I can keep going here - This is your knowledge management strategy which we will get into in future articles.
Project Documentation: As this is a foundational discussion it makes sense that documentation makes its way to the top items as it provides the foundation for the build. I have shown up to projects with little documentation or had to chase different people down to find out things that should have been well documented. It’s sloppy and risky to not have some standards for your projects. In some cases I couldn’t even get the documentation because the person had left the company and his laptop was cleaned and passed to the next employee. In other cases someone goes on vacation without passing on the knowledge needed. I’ve done this from scratch more than once so I am putting a request to manage your Clients documentation with the CoE or Product Managers who should be responsible for the sign-off and management of the Implementation documentations. It polite and thoughtful for the next teams coming in so do a good job. I have written on documentation multiple times but feel an approach from a project perspective is best here.
When I begin a project the teams are tasked with a few deliverables from the following documents:
Functional Design Document (FDD) “Outlines how a software system or application will operate from a user's perspective. It translates business requirements into specific, actionable functionalities, including user interactions, screen mockups, data workflows, and system behavior. It focuses on the "how" of the system, acting as a crucial bridge between stakeholders and developers”
Contains the following: Includes process flows, user interface (UI) mockups, data models, input/output data, and user roles.
Solutions Architectural Design Document (SADD) provides high level business alignment. “TDD is a blueprint that connects business goals with the necessary technology solutions. Provides a strategic overview of the system, ensuring it is scalable, reliable, and fits within the broader organization.” Defines how different components, data, and technologies work together to solve a specific business problem.
Contains the following: Business context & goals, logical diagrams, technology stack, data flow architecture, security strategy, and non-functional requirements that may impact scale.
Technical Design Document (TDD) addresses the ‘How’. It is a “detailed, actionable guide for developers. It translates the high-level architecture into concrete implementation steps, defining specific data structures, API contracts, and code-level components.”
Contains the following: Database schemas, API definitions (endpoints, payloads), detailed algorithms, error handling, class diagrams, and specific infrastructure configurations.

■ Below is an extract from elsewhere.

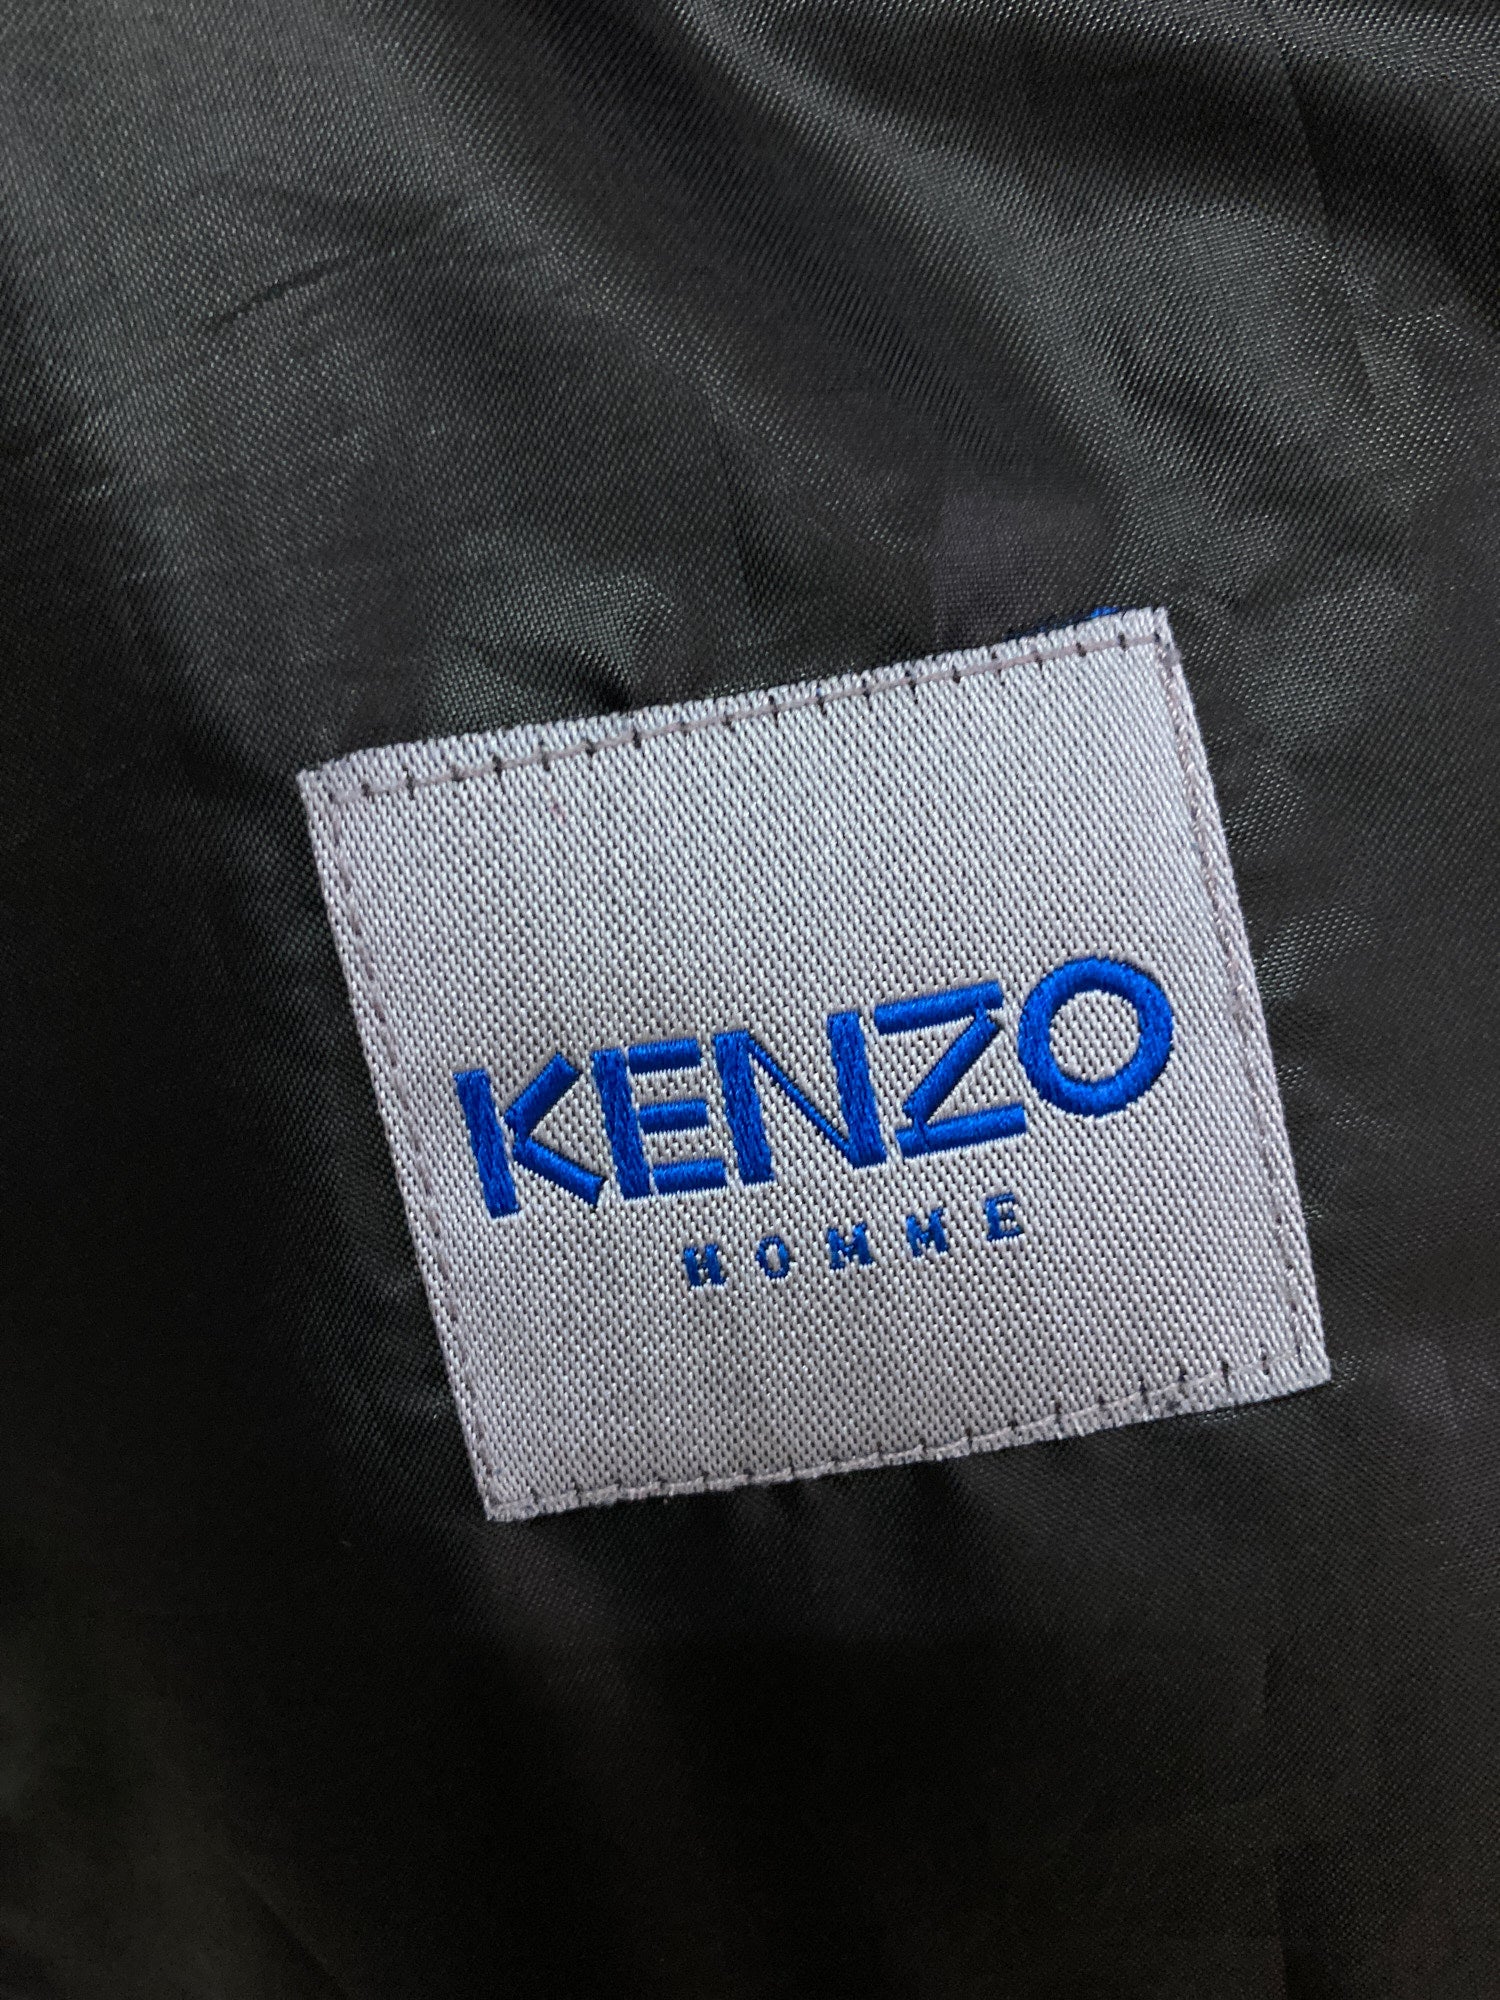 Kenzo Homme 1990s silver down puffer jacket with clear plastic hood - size 2 M
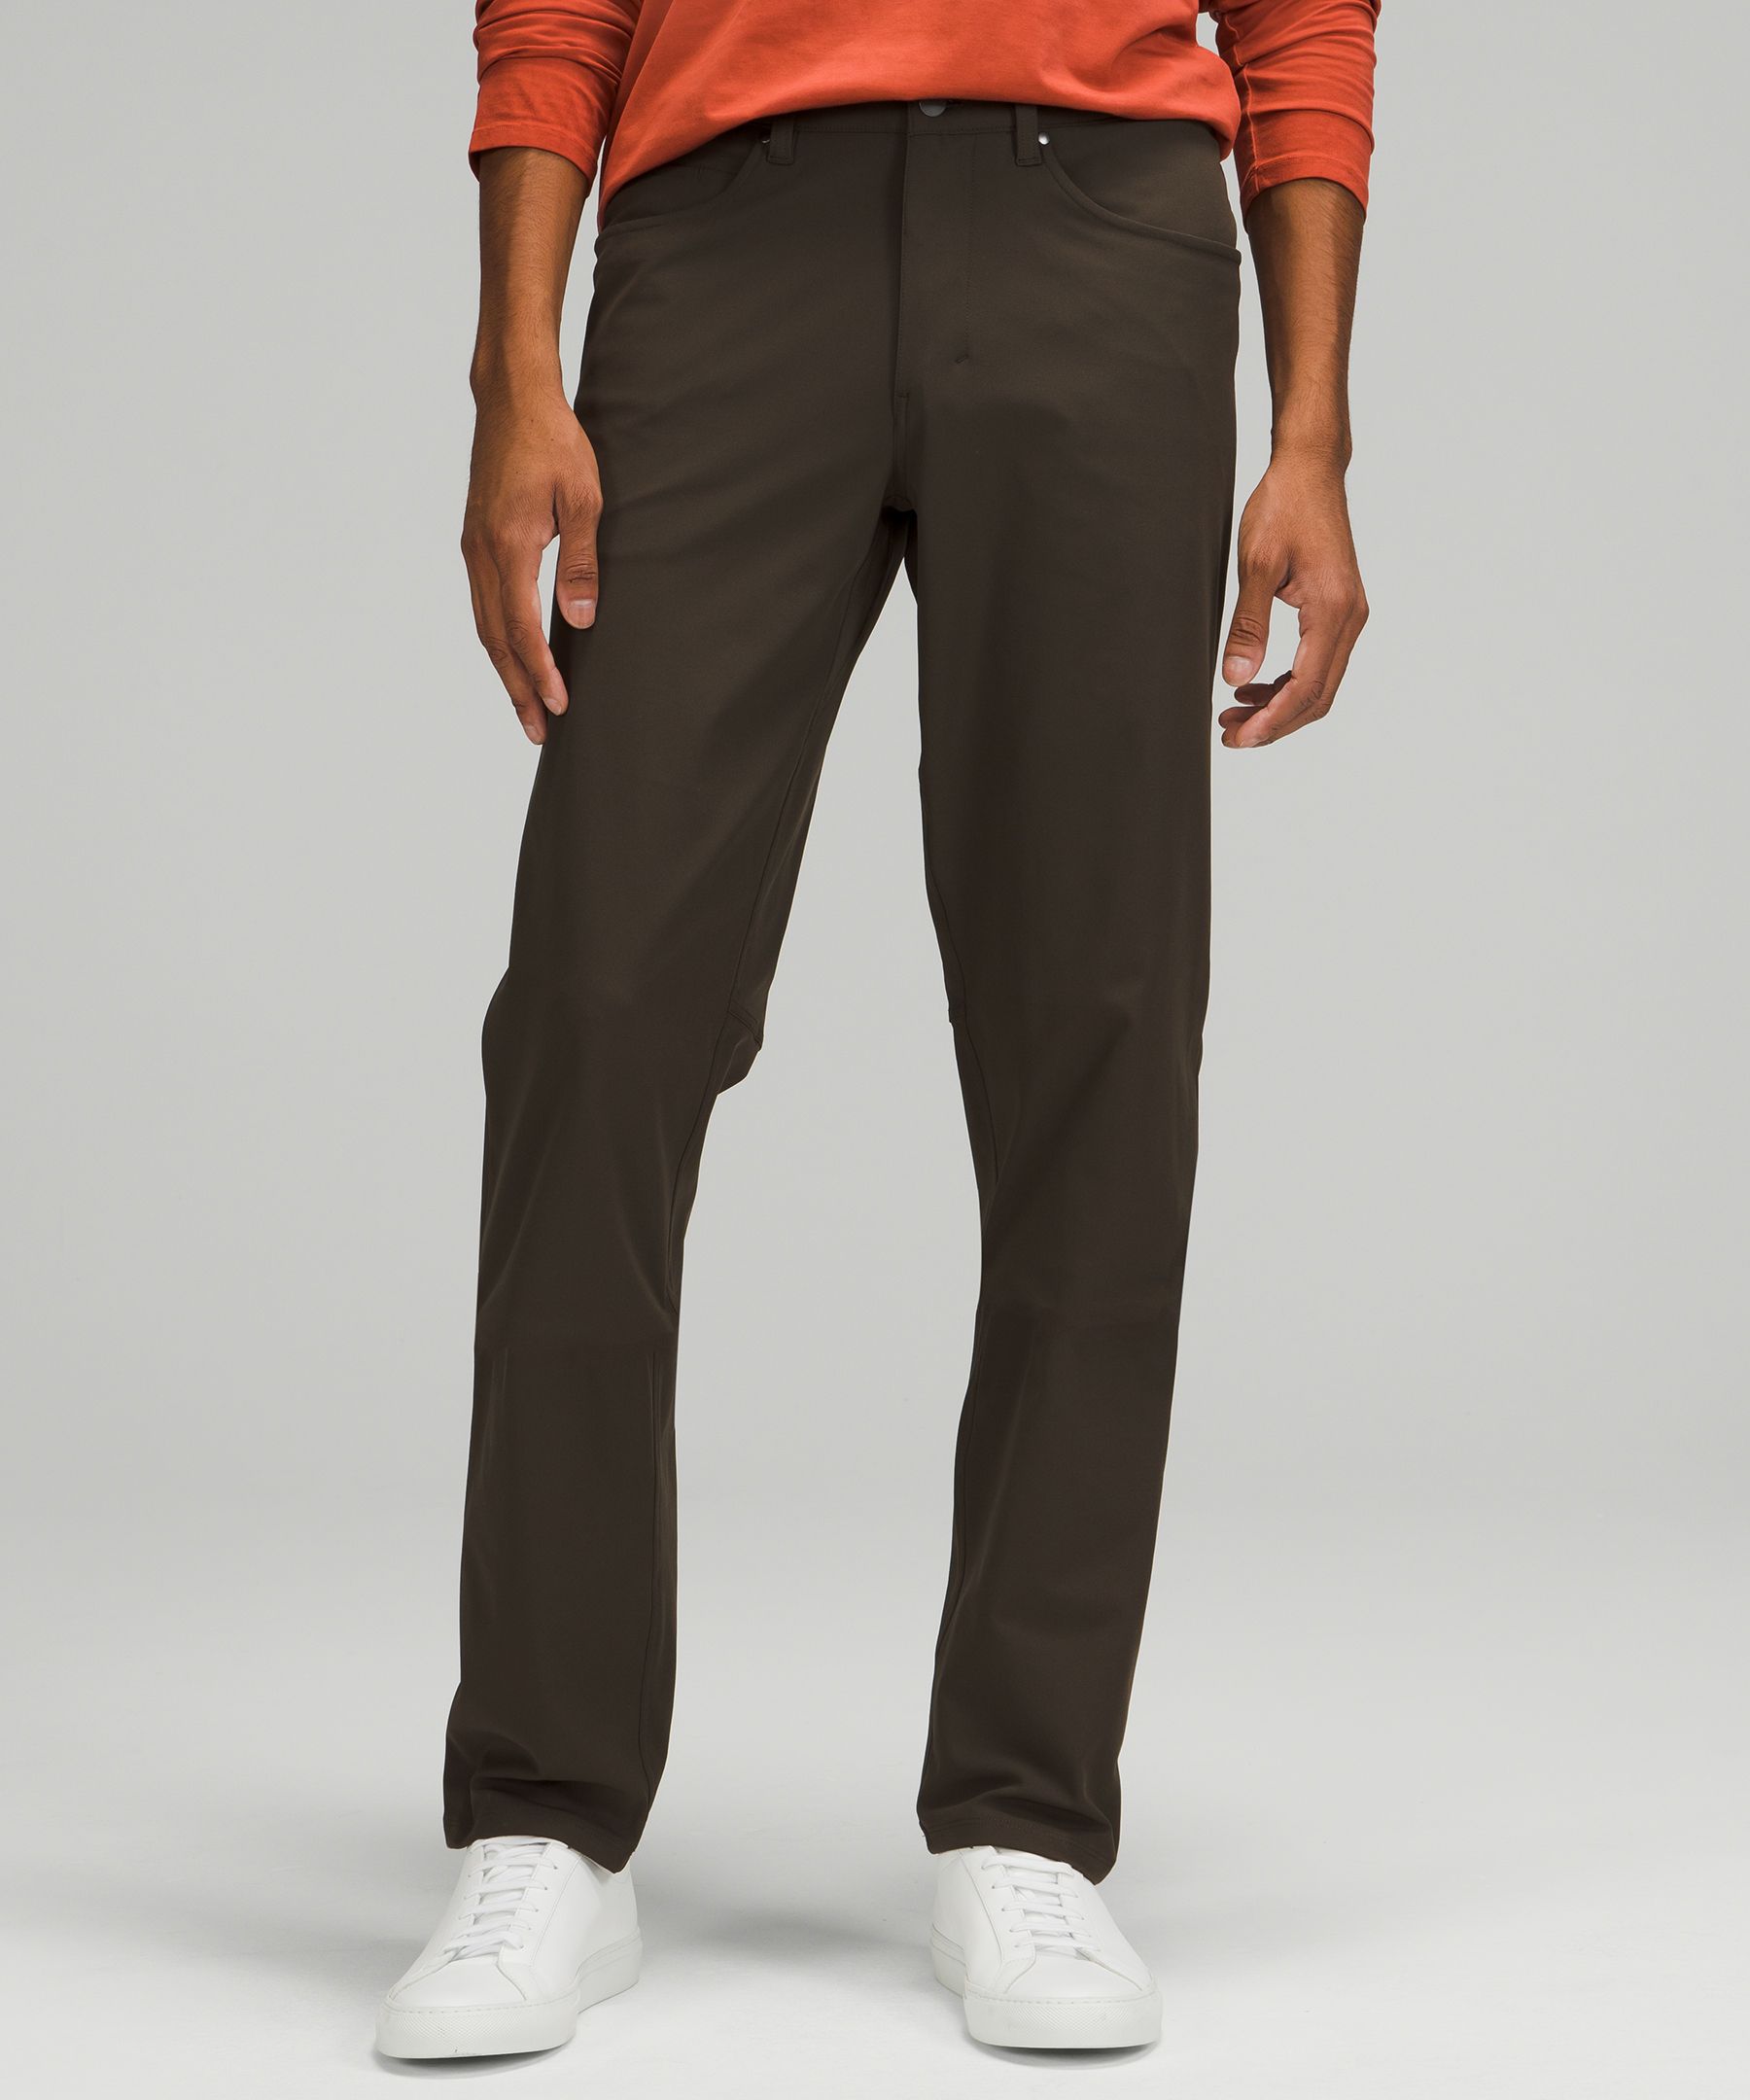 Lululemon Abc Pants Review Reddit News  International Society of Precision  Agriculture

In my last project as with all large projects I delivered a FDD and SADD. I started with the System diagram with all systems defined for reference from a more detailed excel sheet master. The target system objects are provided in a table below the system section with descriptions and future state designs and systems to target mappings.
Below these two is the Integration Design model with a current and future state which goes through the versions as we updated different integrations points and concepts.
If its blocked the system boxes get a RED, The integration lines get a RED. If its in progress (no decision yet), its YELLOW, and if it is signed off - good to go - its GREEN. The document can be complex in nature but it should be very simple to understand from a high level view.
Well - This covers it for now. While you may feel I missed X items - you are probably right but these as I mentioned are based on actual projects and my experience. So best of luck with your implementations everyone and let your Miyamoto shine.